Ince contended that the government’s refusal to let the trucks in question be searched was confirmation that Ankara is supplying arms to terrorist groups in Syria. He argued that this put Turkey internationally in the category of states sponsoring terrorism.

“You can take these trucks illegally all the way to Syria. But their journey will not end there. They will carry this government and a lot of public servants to the court in The Hague as war criminals,” Ince added. “But those tried there will not just be individuals, but the Republic of Turkey.”

Such criticism at home, when combined with the belief abroad that Ankara is involved in clandestine activities in Syria, including supplying arms to Islamist groups, has also weakened Turkey’s ability to play a major role in Syria in the lead-up to Geneva II.

The Assad regime and its principal backers in Moscow and Tehran will obviously use the allegations concerning MIT operations to undermine any position taken by Ankara on the Syrian crisis that they oppose.
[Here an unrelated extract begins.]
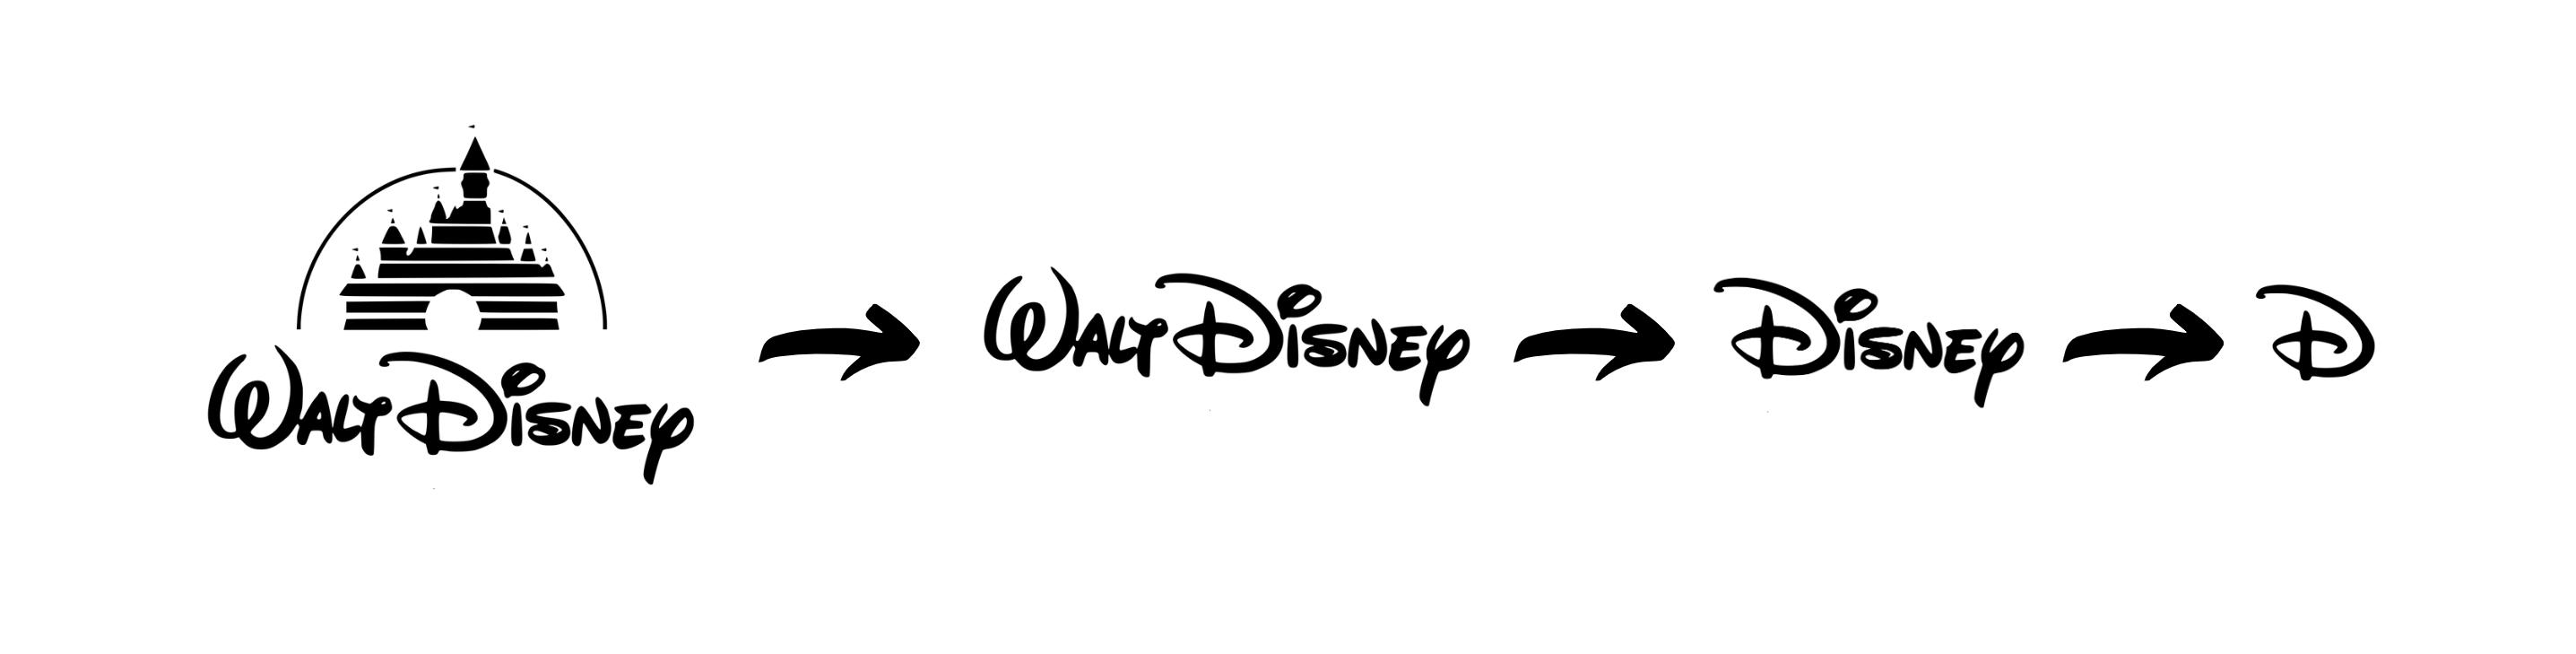 Designs.ai - What makes a great logo: Walt Disney logo evolution.

It is equally clear that the incident involving the trucks undermines Ankara’s ability to influence its Western allies on issues pertaining to Syria.

These allies are deeply concerned today with the headway anti-Western and self-avowed anti-democratic jihadist groups are making in parts of Syria, so much so that their intelligence services are reportedly holding secret talks with the Syrian regime.

Much to Ankara’s annoyance, the West appears increasingly to be saying at this stage that “the devil you know in Syria is better than the devil you don’t know.” Given this overall picture, Syria is set to provide more headaches for Erdogan at a time when he is already beleaguered by a corruption scandal at home.